Myanmar’s Citizenship Law 1982 has a xenophobic character, weighted against people of foreign origin, even third generation descendents, living in the country. Because of its discriminative clauses thousands of people of Indian origin were deprived of their citizenship. It also denied citizenship to Rohingyas – Muslims of mixed Indian and Arakanese origin – though they had been living in Myanmar for hundreds of years. Periodically, violence unleashed by Buddhist majority against them had resulted in driving over 200,000 of them to seek refuge overseas, particularly in neighbouring Bangladesh.  The 2012 anti-Rohingya riots left about 140 killed and rendered 100,000 homeless.  

Perhaps emboldened by the passive state response to anti-Rohingya riots in 2012, anti-Muslim violence is staging a comeback. In March 2013, Buddhist activists killed a total 43 people and injured 93 in Meikhtila in Central Myanmar. In all 1227 homes, 77 shops and 37 mosques were destroyed. The riots quickly spread to six other townships in Thayawady district in Bago Region in Lower Myanma and to 11 townships in Mandalay and Pegu divisions, where Muslim neighbourhoods were ransacked.And the army had to be called to restore order rather belatedly.

The anti-Muslim sentiments have some political and social support which has helped stoke Therawada Buddhist vigilantism.  These elements are heading for a showdown with the government after senior Buddhist leaders expressed their support a controversial draft Law for the Protection of Race and Religion. The draft law also requires any Buddhist woman seeking to marry a Muslim man to get the permission of her parents and local government officials. Any Muslim man who marries a Buddhist woman is required to convert to Buddhism.

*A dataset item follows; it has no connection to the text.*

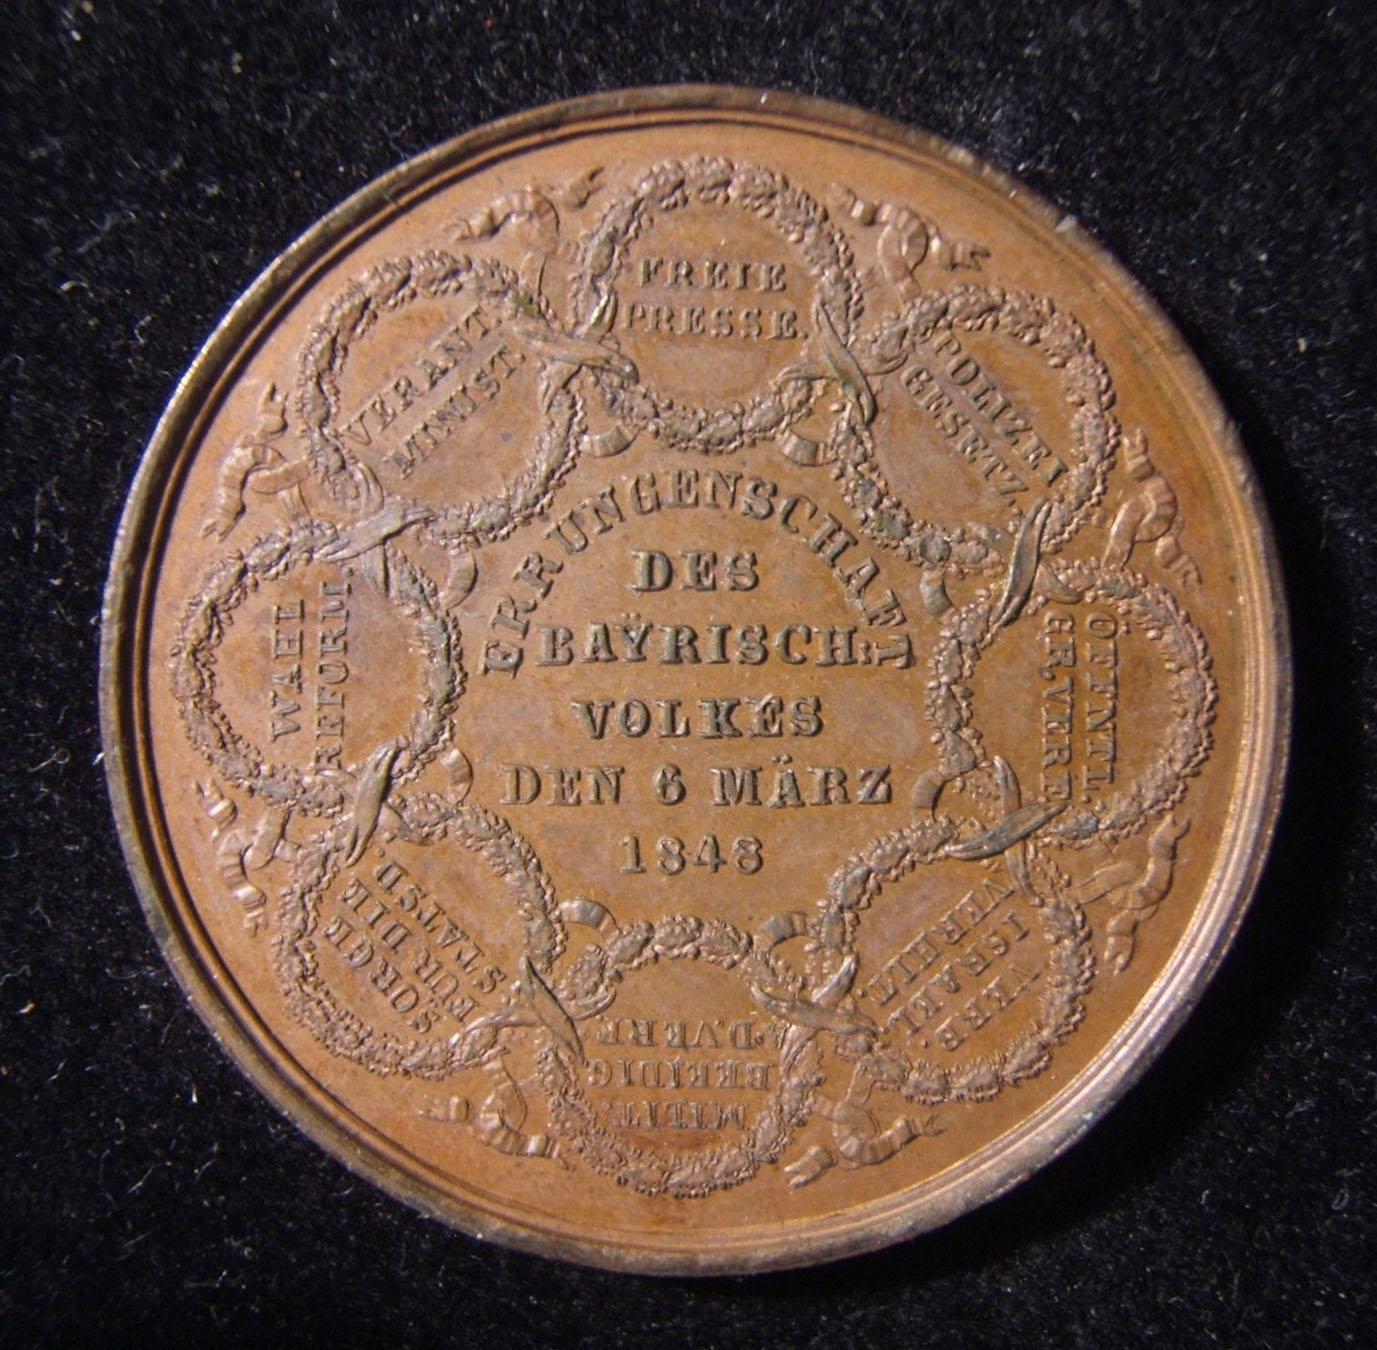 Germany: Commemoration of German Revolution, 1848; by Drentwett; struck in bronze; size: 37.5mm; weight: 17.4g; medal align. Obv.: leg.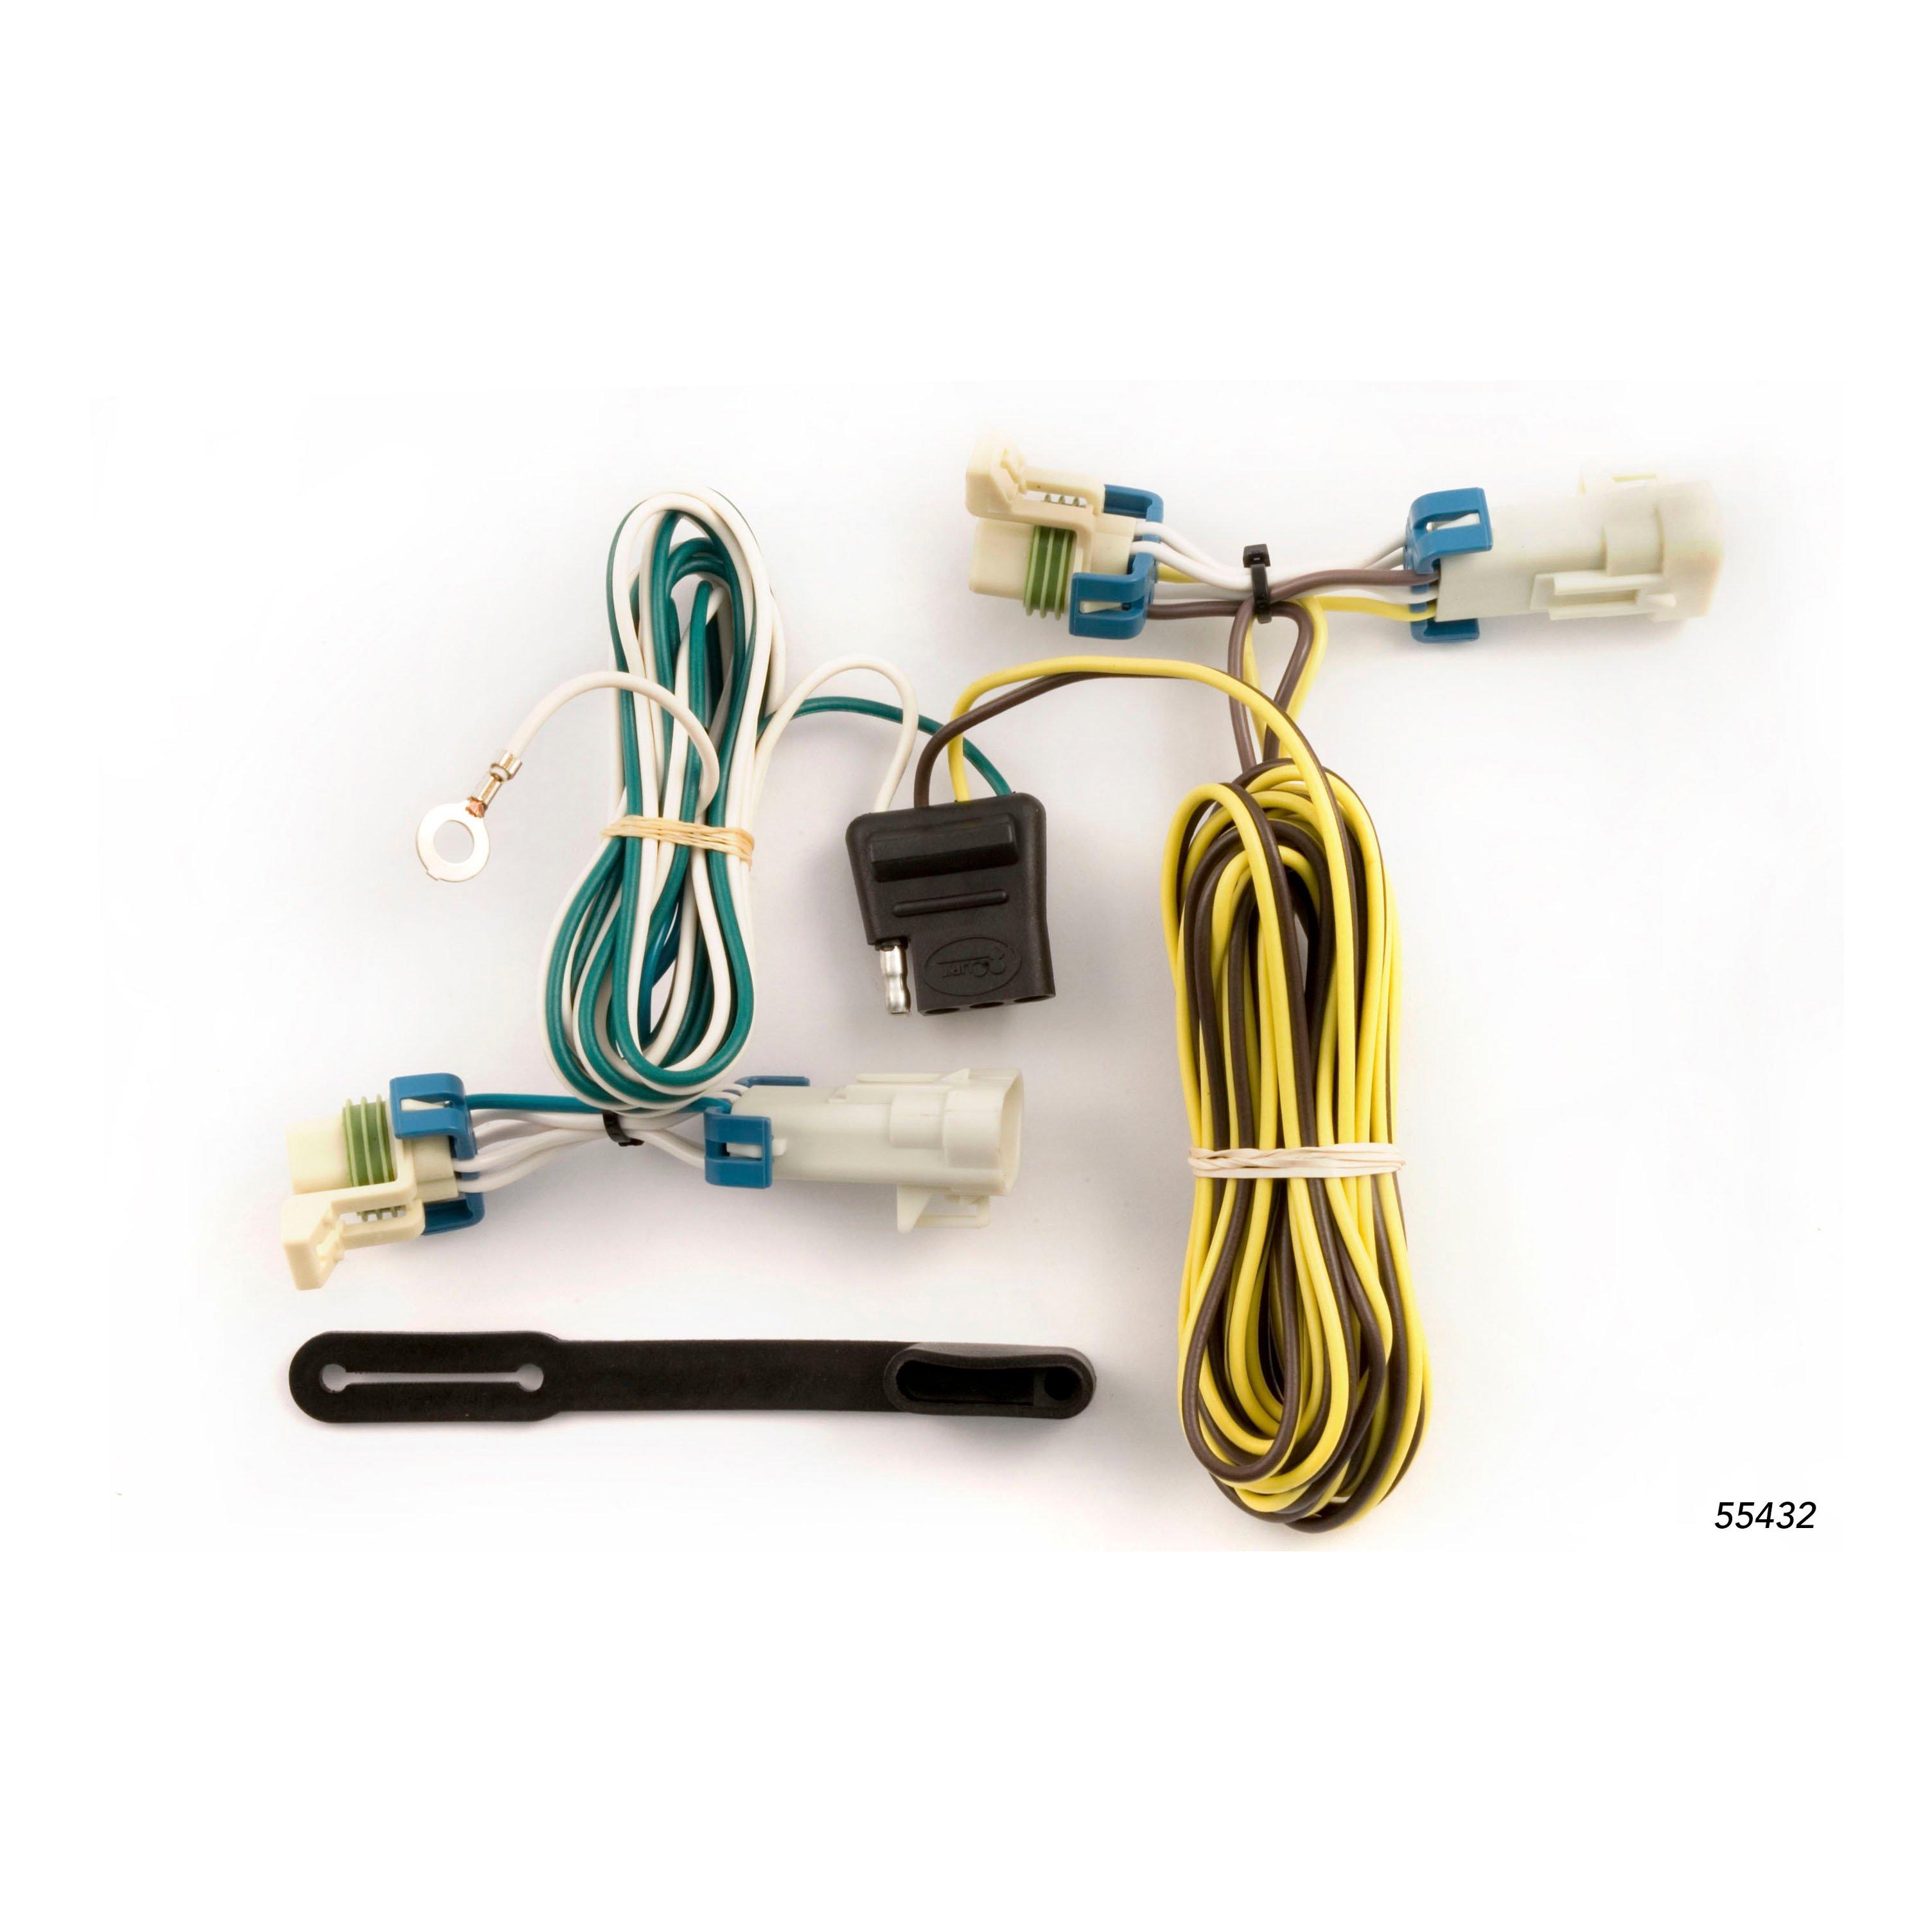 Curt Class 1 Trailer Hitch Wiring For Chevrolet Cobalt Hhr 2009 Lt Radio Harness Amp

As these are socio-political issues both President Thein and Mrs Suu Kyi will be finding it difficult to resolve. They would need to combine their energies to evolve a game plan to keep these issues within manageable levels to ensure the progress of democratic reforms. In the coming months, we can expect only slow progress in the reform process, facing challenges at every step from divisive political and social forces. It will be a true test of national leadership’s ability to deal with these challenges.  

India’s relations with Myanmar are likely to become more broad-based as Myanmar’s investment and business environment enlarges and becomes structured.  A closer relationship with India enables Myanmar to balance China’s overwhelming influence better, particularly as it complements India-U.S. strategic relationship. Indian leadership of all political hues is aware of the importance of Myanmar in India’s overall strategic spectrum.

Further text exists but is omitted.